TASK TO COMPLETE: Only what runs from the line with "Jackson Safety 14795" to the end of the data should appear in the answer, exactly as written and without pictures.

GIVEN INFORMATION:
----

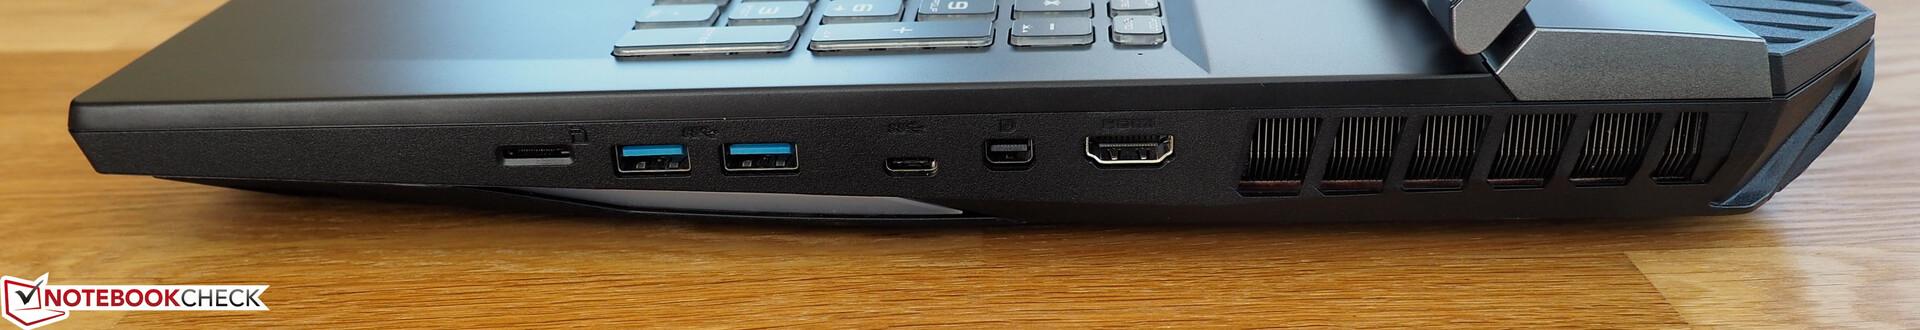 MSI GT76 9SG 笔记本电脑评测:游戏巨人 - Notebookcheck
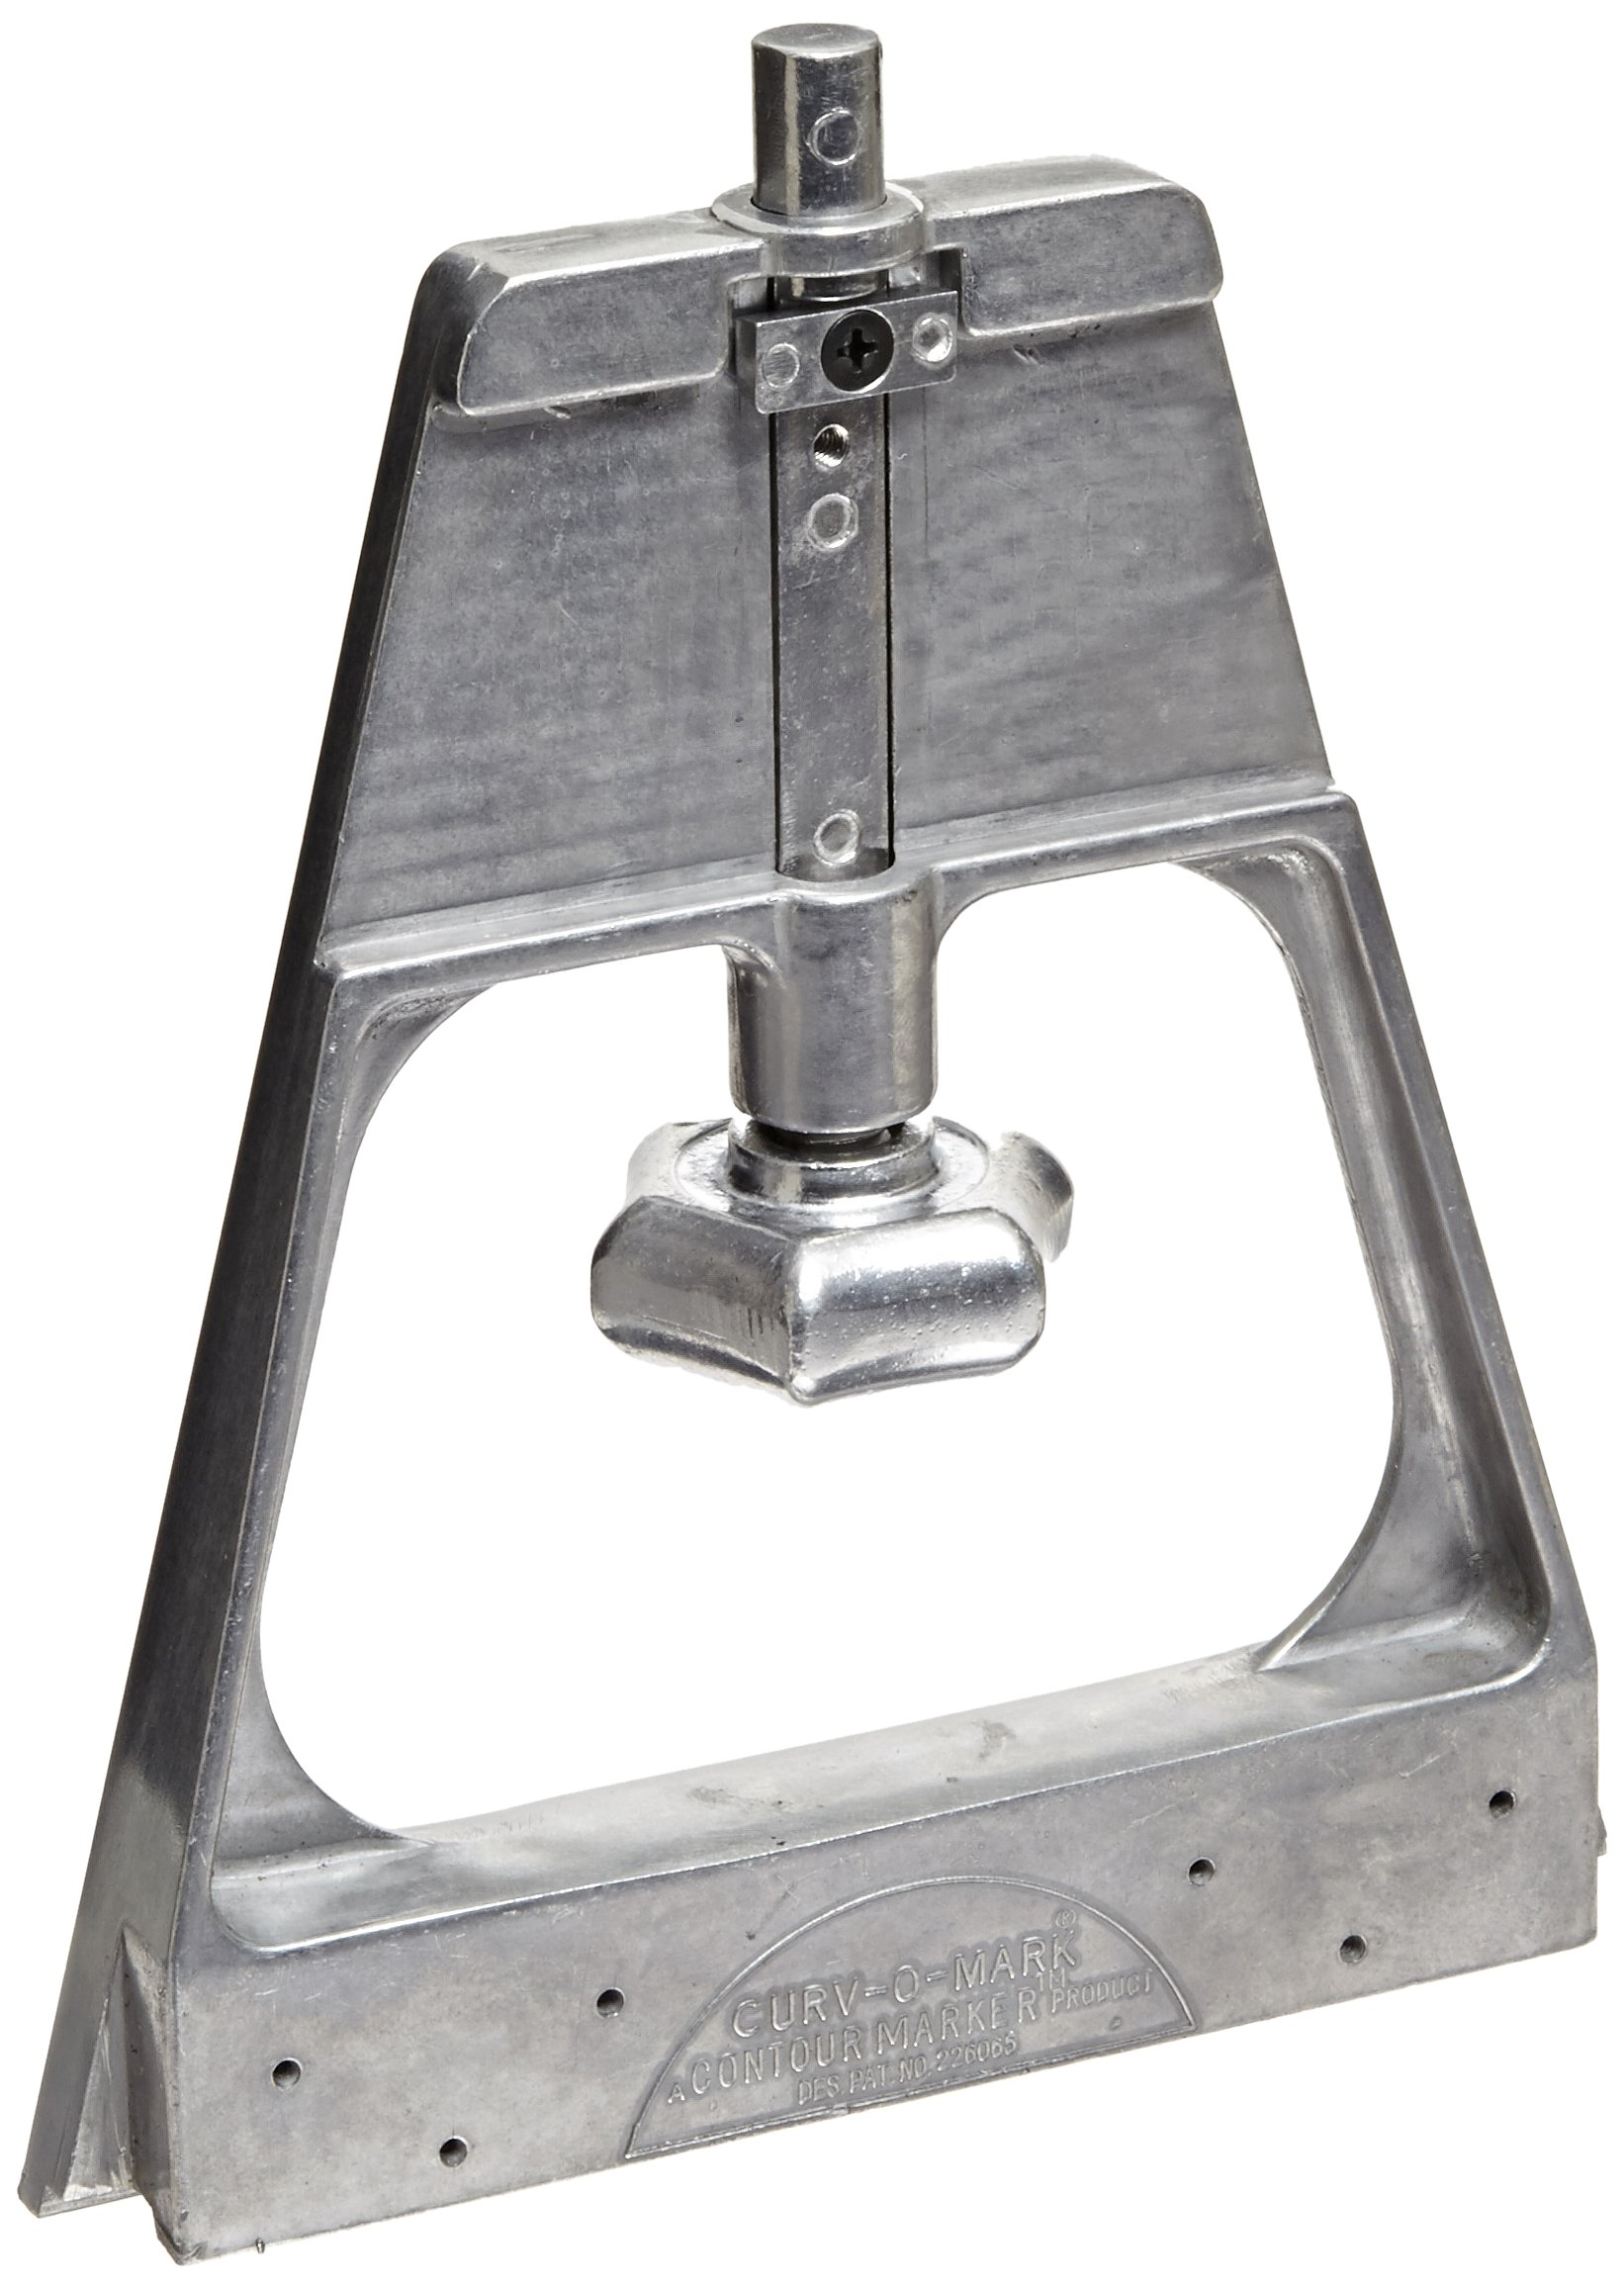 Jackson Safety 14795 Curv-O-Mark #32 Flange Aligner Base
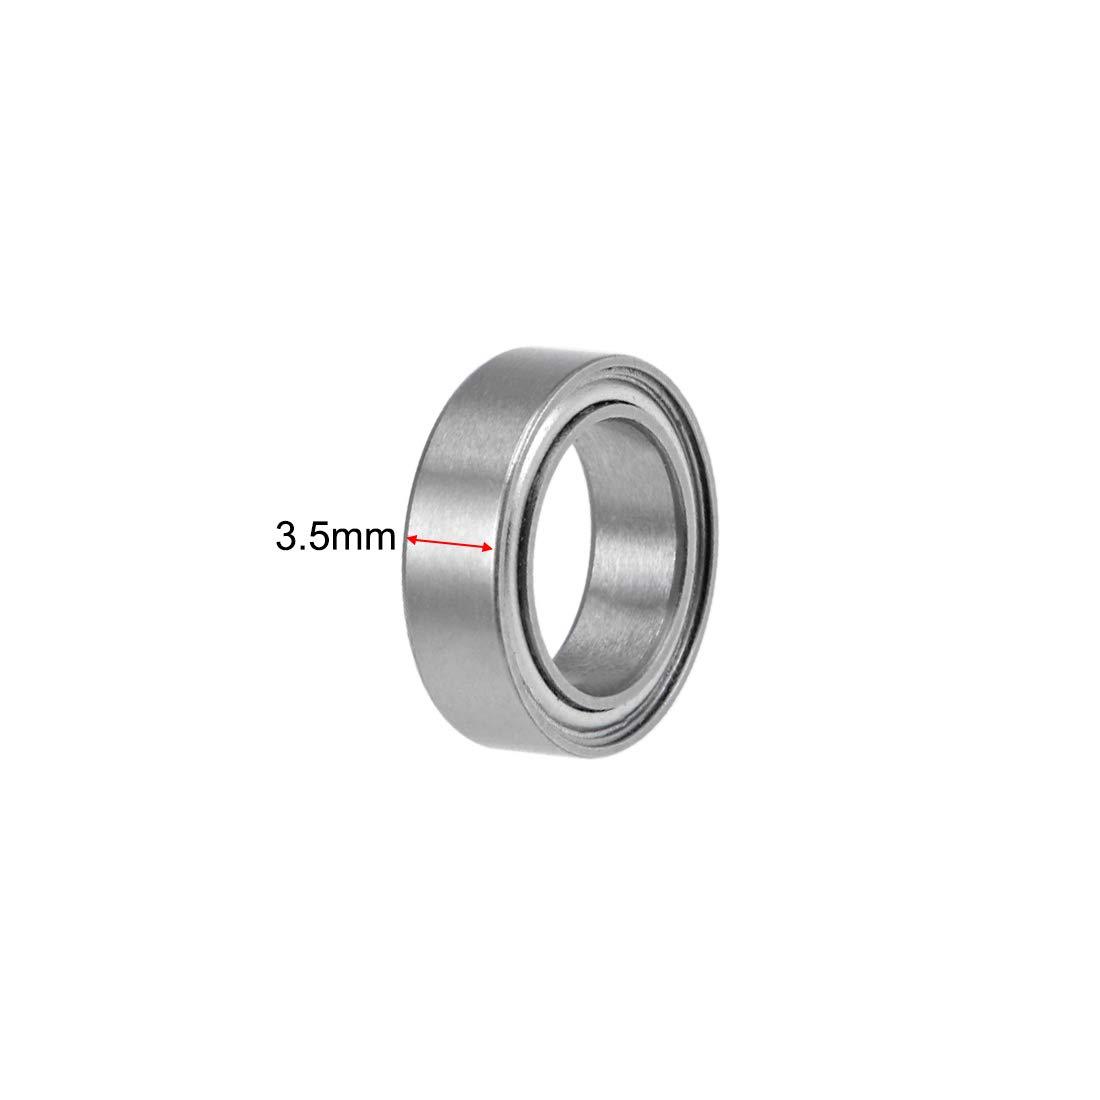 uxcell MR128ZZ Deep Groove Ball Bearings 8mm Inner Dia 12mm OD 3.5mm Bore Double Shielded Chrome Steel Z2 2pcs

----

SOLUTION FOR THIS EXERCISE:
 Jackson Safety 14795 Curv-O-Mark #32 Flange Aligner Base
 uxcell MR128ZZ Deep Groove Ball Bearings 8mm Inner Dia 12mm OD 3.5mm Bore Double Shielded Chrome Steel Z2 2pcs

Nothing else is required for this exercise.